- Directed by: Nick Morris
- Based on: Les Misérables by Alain Boublil; Claude-Michel Schönberg; ; Les Misérables by Victor Hugo;
- Produced by: Dione Orrom
- Starring: Alfie Boe Michael Ball Carrie Hope Fletcher Matt Lucas Katy Secombe Rob Houchen Lily Kerhoas Shan Ako Bradley Jaden Earl Carpenter
- Edited by: Tim Thompsett
- Music by: Claude-Michel Schönberg
- Production company: Cameron Mackintosh Ltd.
- Distributed by: Universal Pictures
- Release date: 2 December 2019;
- Running time: 145 minutes 165 minutes (including encore)
- Country: United Kingdom
- Language: English

= Les Misérables: The Staged Concert =

Film

Les Misérables: The Staged Concert is a 2019 British live stage recording of the 1980 musical Les Misérables, itself an adaptation of Victor Hugo's 1862 novel, filmed at the Gielgud Theatre in London's West End on 2 December 2019, and broadcast live to UK and Irish cinemas. Starring Michael Ball, Alfie Boe, Carrie Hope Fletcher and Matt Lucas, it was the final performance of the stage production Les Misérables: The All-Star Staged Concert, which ran for four months from 10 August.

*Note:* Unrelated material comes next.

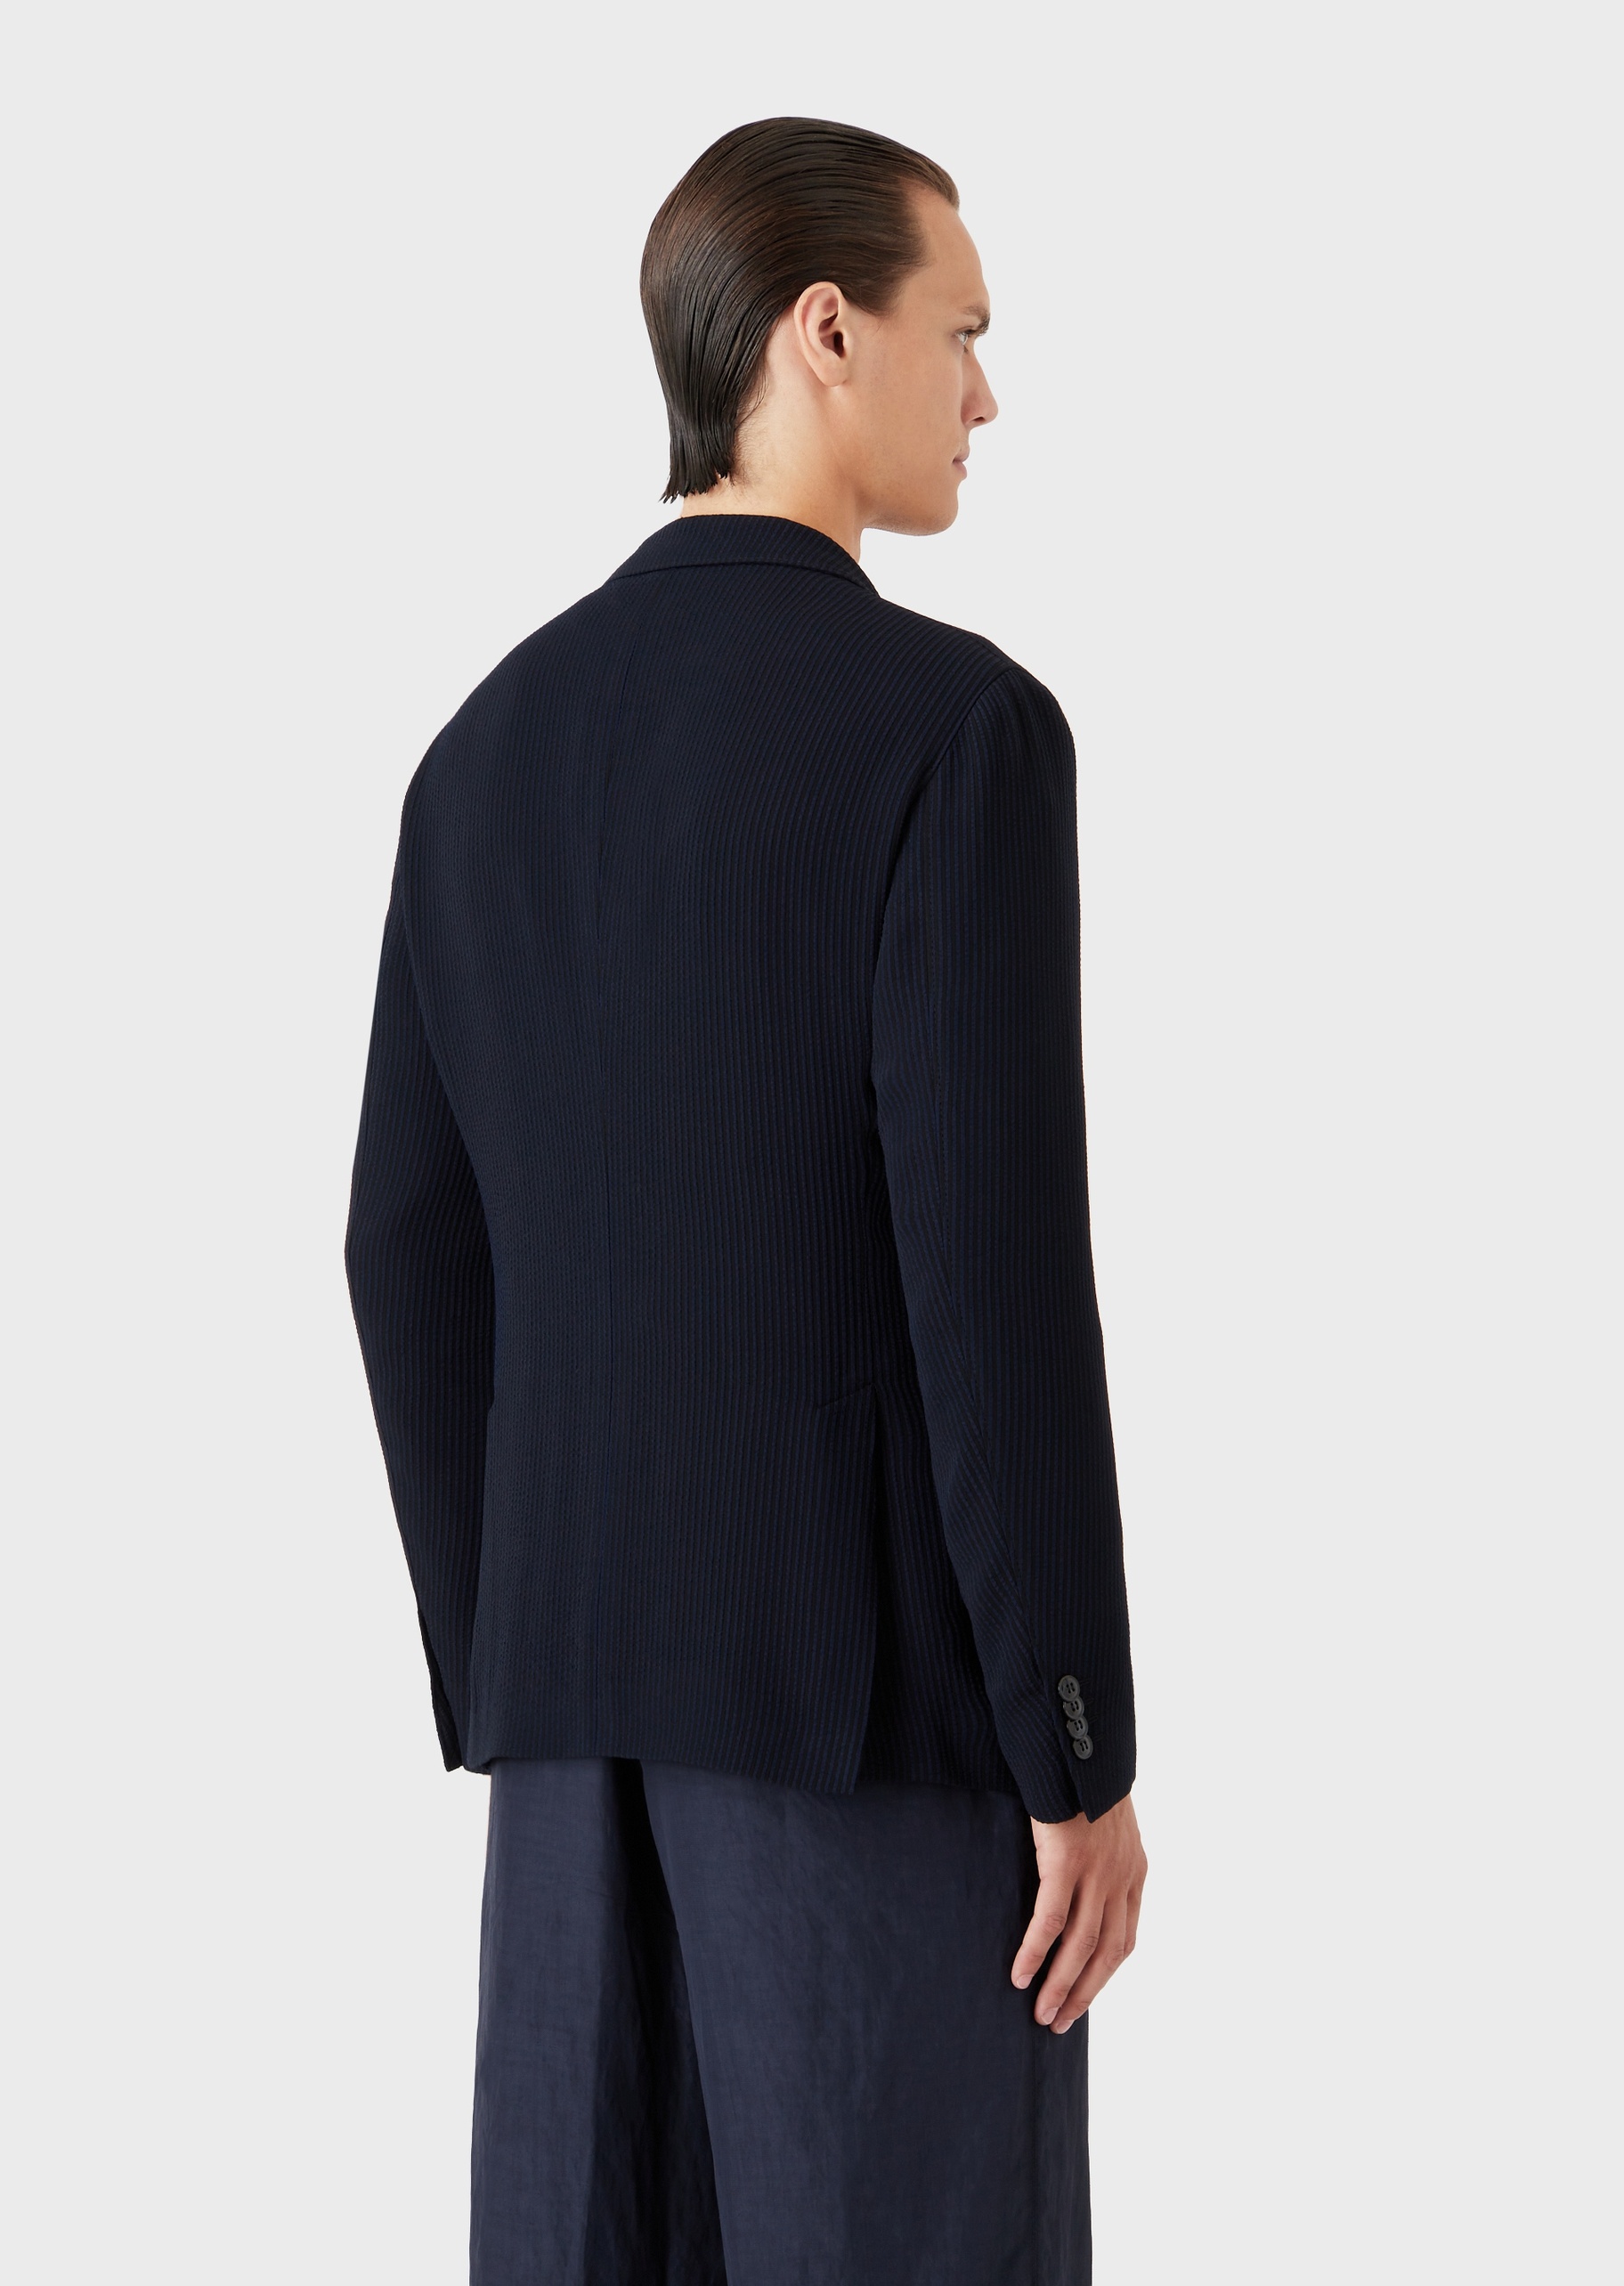 Giorgio Armani 男士纯色复古戗驳领双排扣泡泡纱西装外套
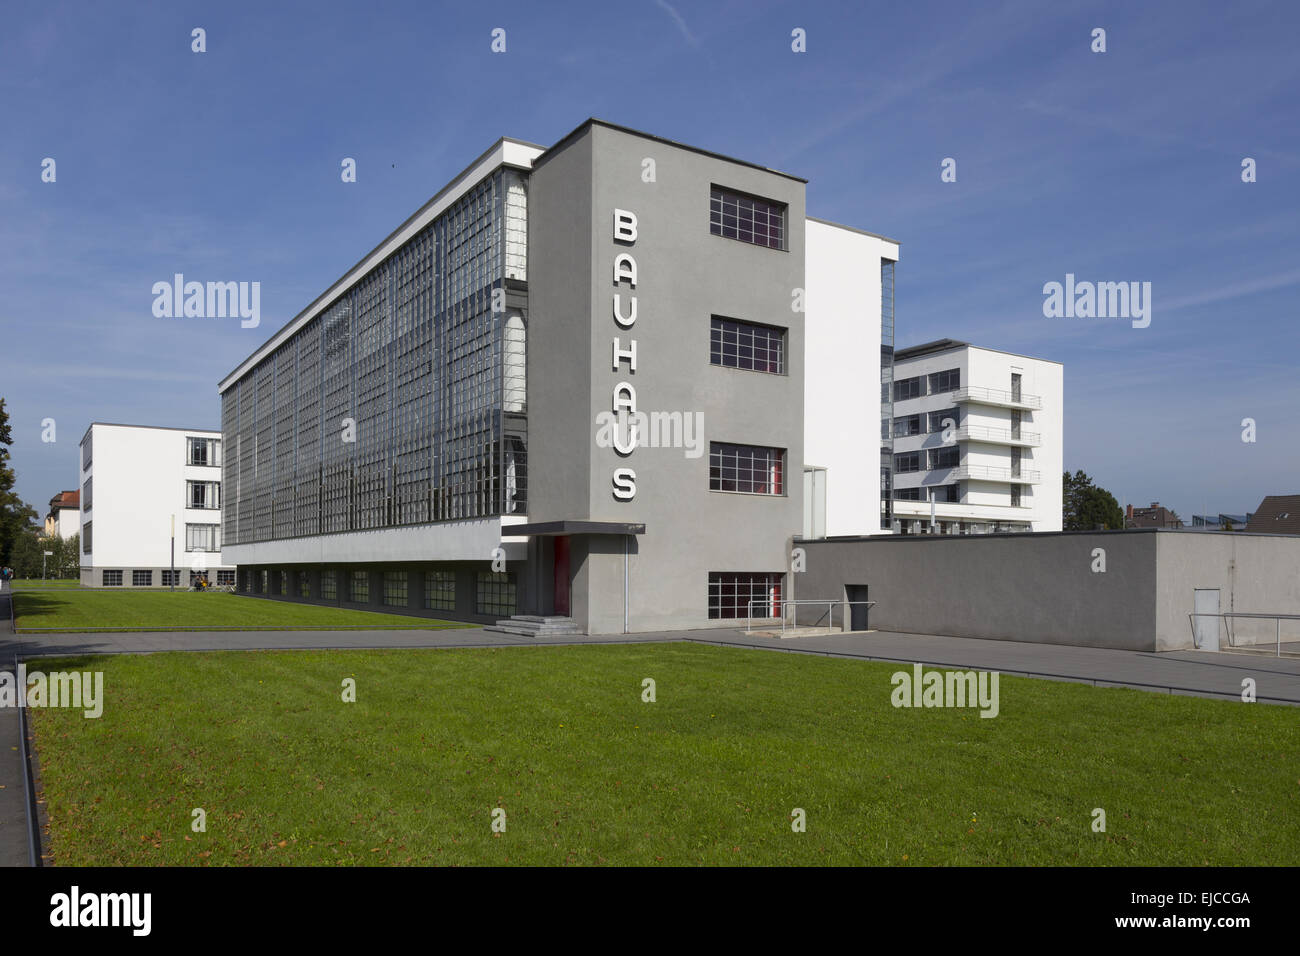 Logotipo de Bauhaus Foto de stock

The album was nominated for the Grammy Award for Best Musical Theater Album at the 64th Annual Grammy Awards.

==Background==

Queen's Theatre, which had hosted Les Misérables since 2004, closed for refurbishment in July 2019, and the show moved to the adjacent Gielgud Theatre for four months, allowing its record breaking run to continue. During its stay at the Gielgud, Les Misérables took the form of an all-star staged concert and ran for 16 weeks between 10 August and 30 November. The show returned to Queen's (now renamed the Sondheim Theatre) with a new production in December.

==The Staged Concert==

Due to the success of the production, producer Cameron Mackintosh added an extra performance on 2 December 2019 which was broadcast live to cinemas across the UK and Republic of Ireland, and released in North America on 8 December.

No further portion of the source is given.